Qwen 3.5 was technically answering correctly, but it was also returning reasoning_content in the API response. That meant even a simple prompt like "Reply with only: ok" could come back with a chain-of-thought-style trace attached.
I did not want that behavior in downstream extraction pipelines.
The fix was straightforward once I found the right knob: include chat template settings in the request and disable thinking explicitly.
After that, the responses got much smaller, much cleaner, and much more appropriate for structured automation.
That mattered more than it sounds. When you are feeding another application, "correct but verbose" is often worse than "short and controlled."
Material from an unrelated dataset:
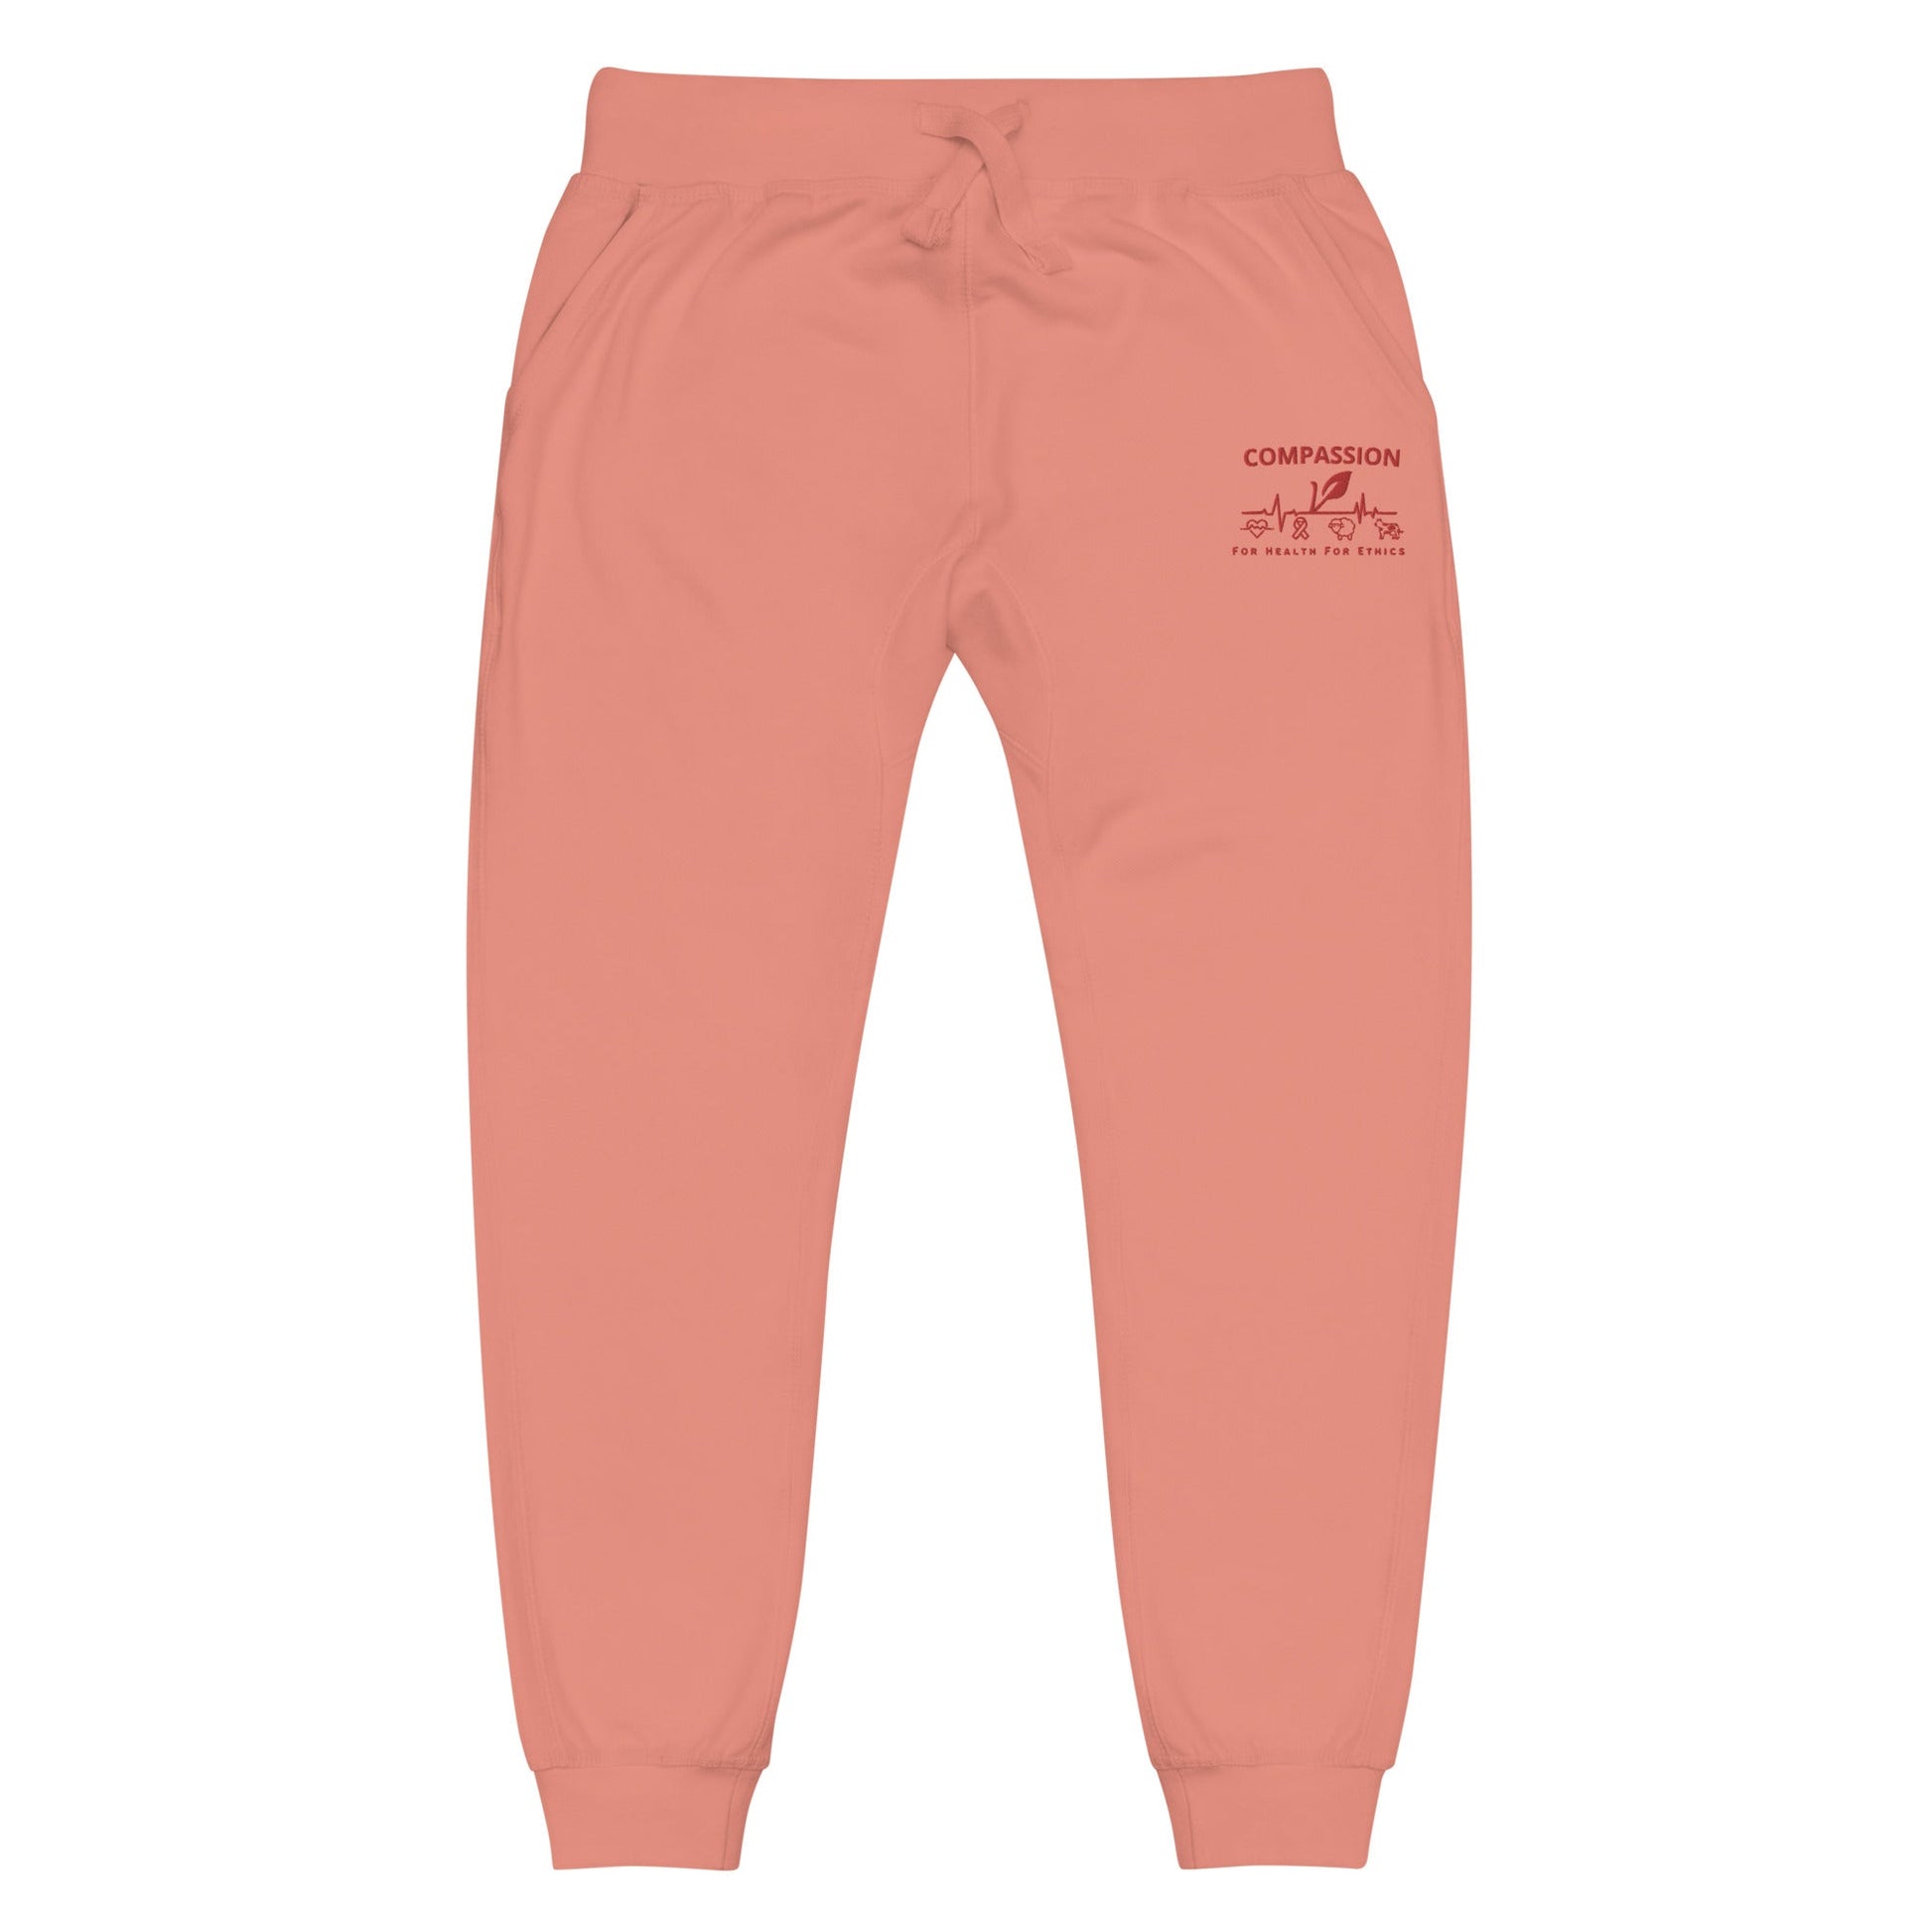 Compassion Fleece sweatpants - For Health For Ethics - Dusty Rose

What the Final System Looks Like
By the time everything settled down, the architecture looked like this:
- older mining rig chassis
- three RX 5700 XTs on risers
- upgraded system memory
- Linux host
llama.cppbuilt with Vulkan- three separate
llama-servercontainers - one GPU per server
- HAProxy in front
- one public endpoint
- queued traffic when all cards are busy
- thinking disabled for clean API responses
It was not the simplest path to a local LLM setup.
But it was cheap, fun, flexible, and fast enough to be useful.
What I Learned
If I had to boil the whole project down into a few lessons, it would be these:
1. AMD can absolutely work
It is not the most documented path, but llama.cpp with Vulkan made this build viable.
2. Host RAM matters more than people admit
GPU VRAM gets all the attention, but host memory can make or break the system.
3. Bigger is not always better
A smaller model that runs cleanly across three independent servers can be more useful than a bigger one awkwardly stretched across the entire box.
4. Queueing matters
A model server is not just about raw throughput. It is also about what happens when demand exceeds capacity.
5. Reliability beats theoretical maximums
The best setup was not the one that looked most impressive on paper. It was the one that stayed up, answered cleanly, and behaved predictably under load.
Conclusion
I started with an old mining rig, three AMD cards, and a lot of uncertainty about whether the whole idea was even worth the trouble.
Now I have a local inference box that:
- runs real models
- exposes a clean API
- distributes work across GPUs
- queues requests intelligently
- and does it all on hardware that used to live a completely different life
That is one of the things I like most about this kind of project.
You do not always need the newest machine. Sometimes you just need enough patience to figure out what the machine you already have is actually good at.